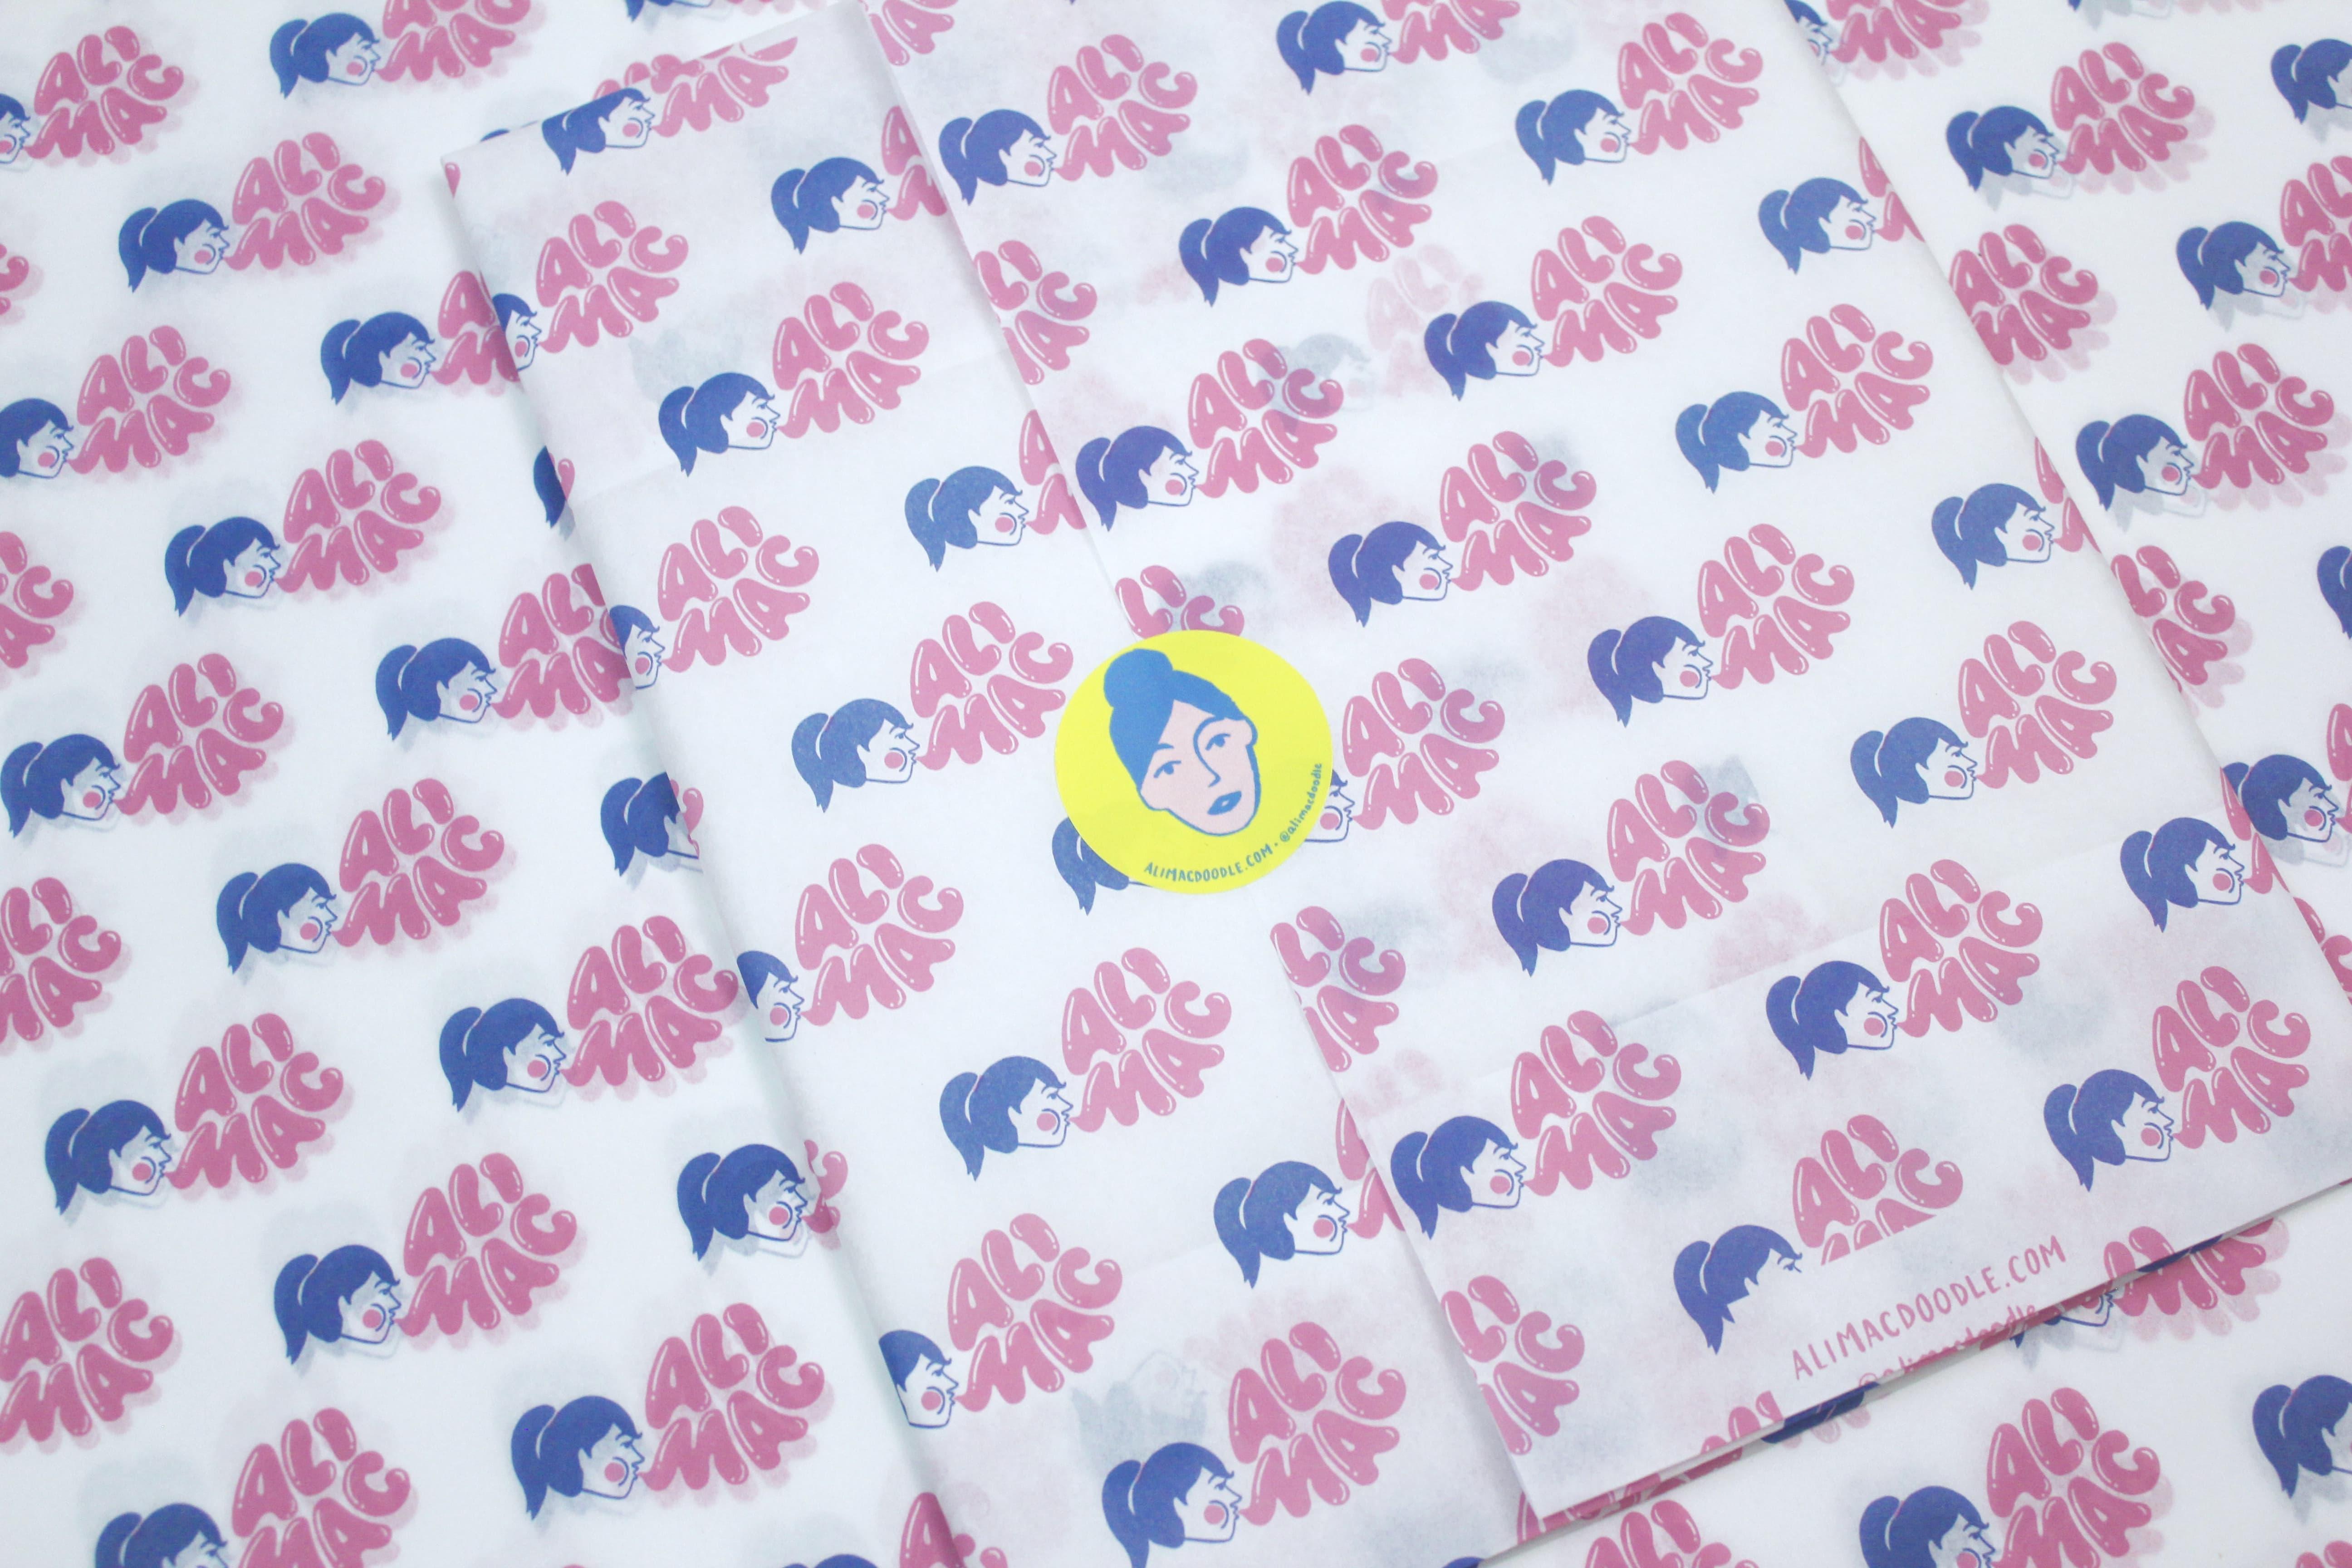 Ali Mac custom tissue paper
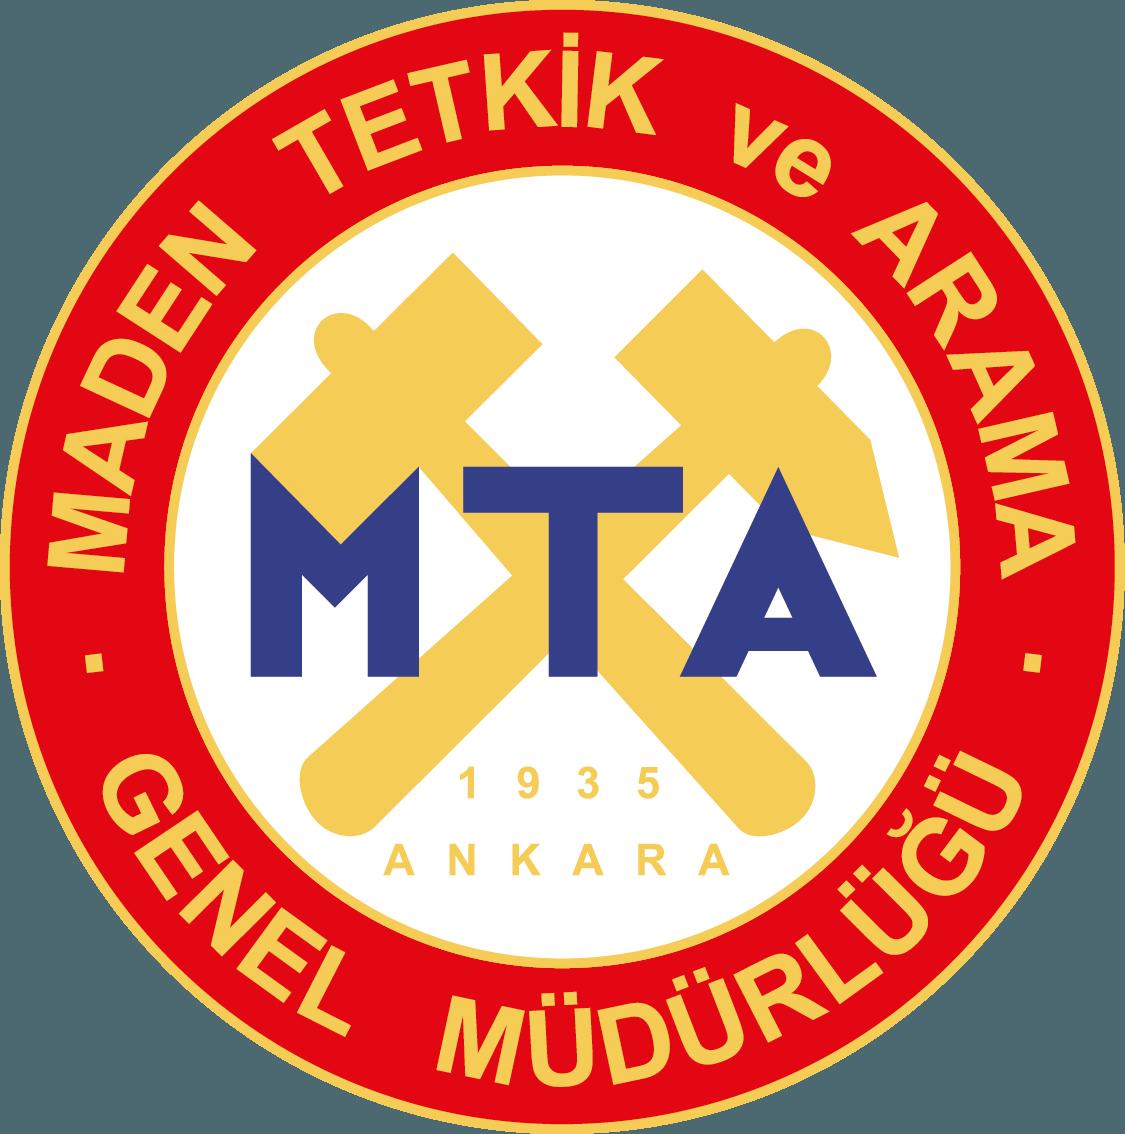 MTA   Maden Tetkik Arama Genel Müdürlüğü Logosu [mta.gov.tr] png
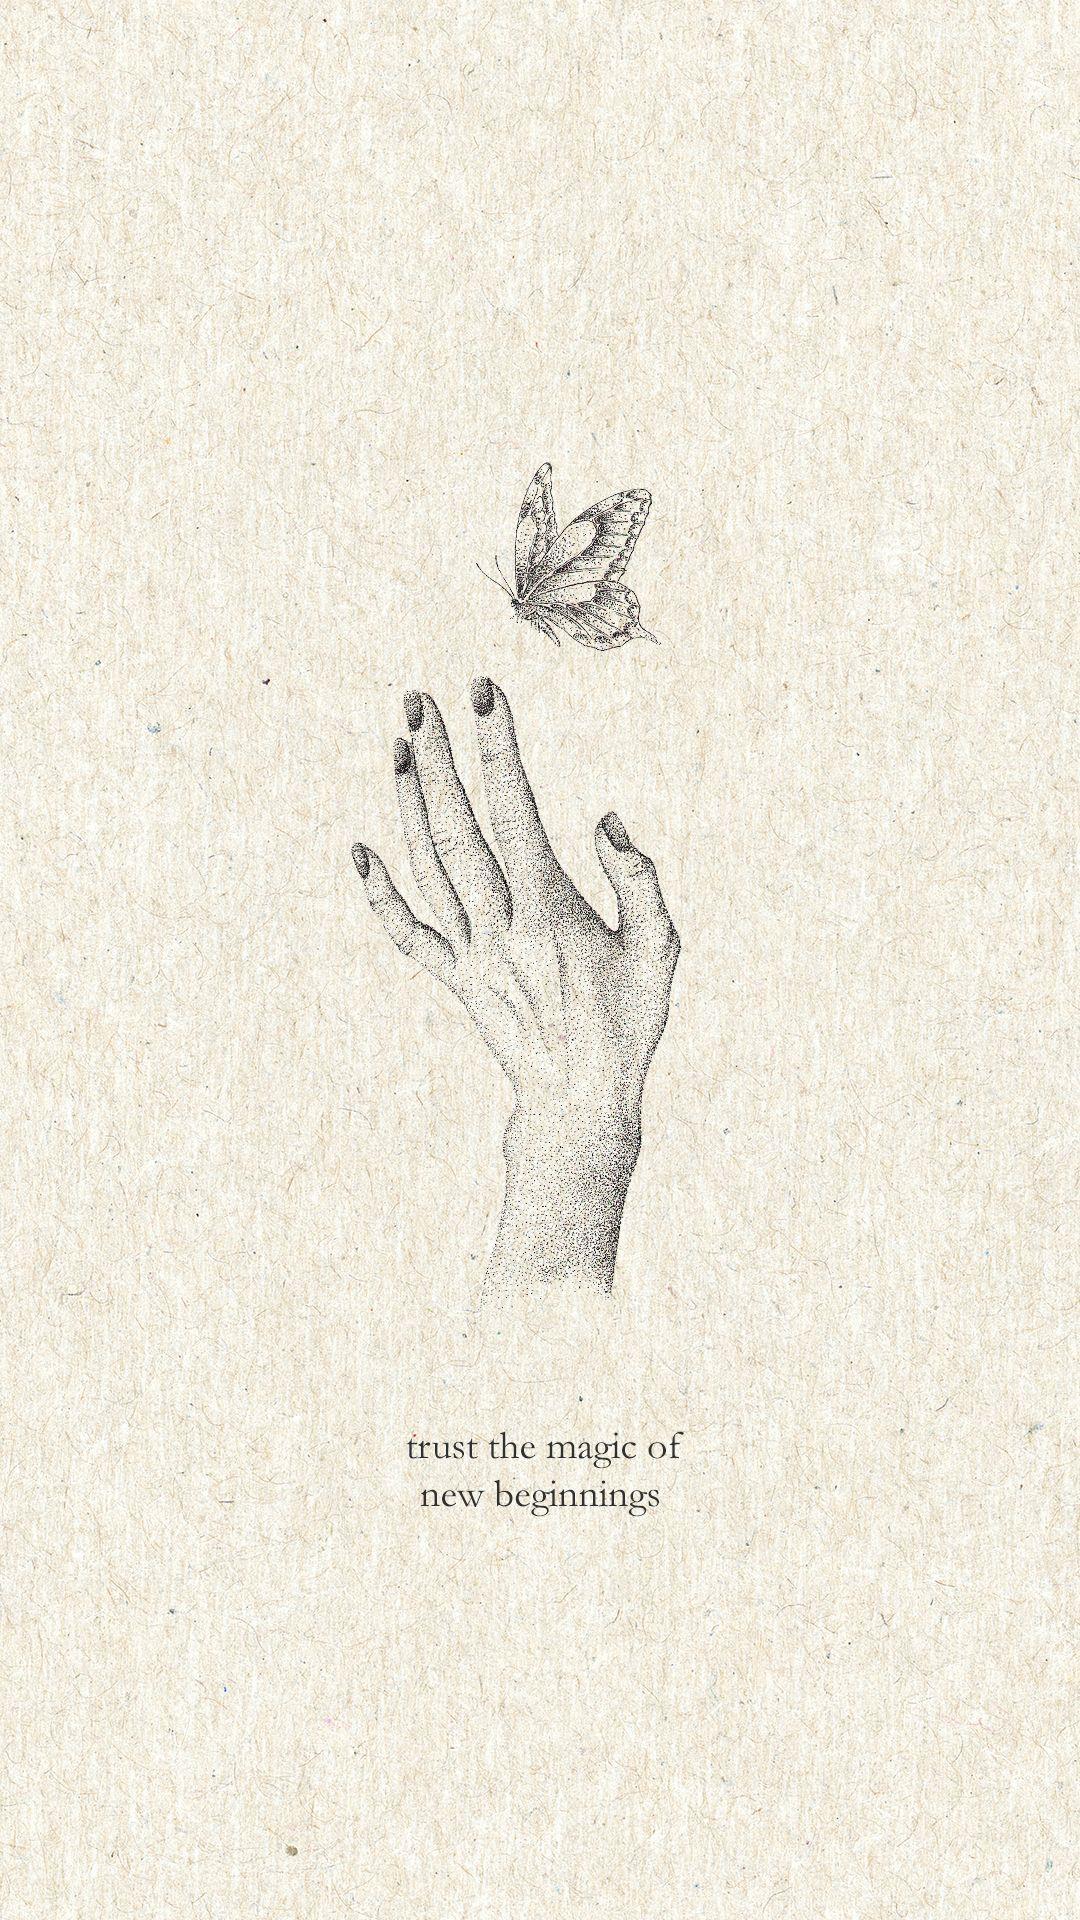 trust the magic of new beginnings

_ _ _

## [Problem to solve]
Retype the listing exactly. Skip every picture.

## [Answer box]
 Ali Mac custom tissue paper
 MTA   Maden Tetkik Arama Genel Müdürlüğü Logosu [mta.gov.tr] png
 trust the magic of new beginnings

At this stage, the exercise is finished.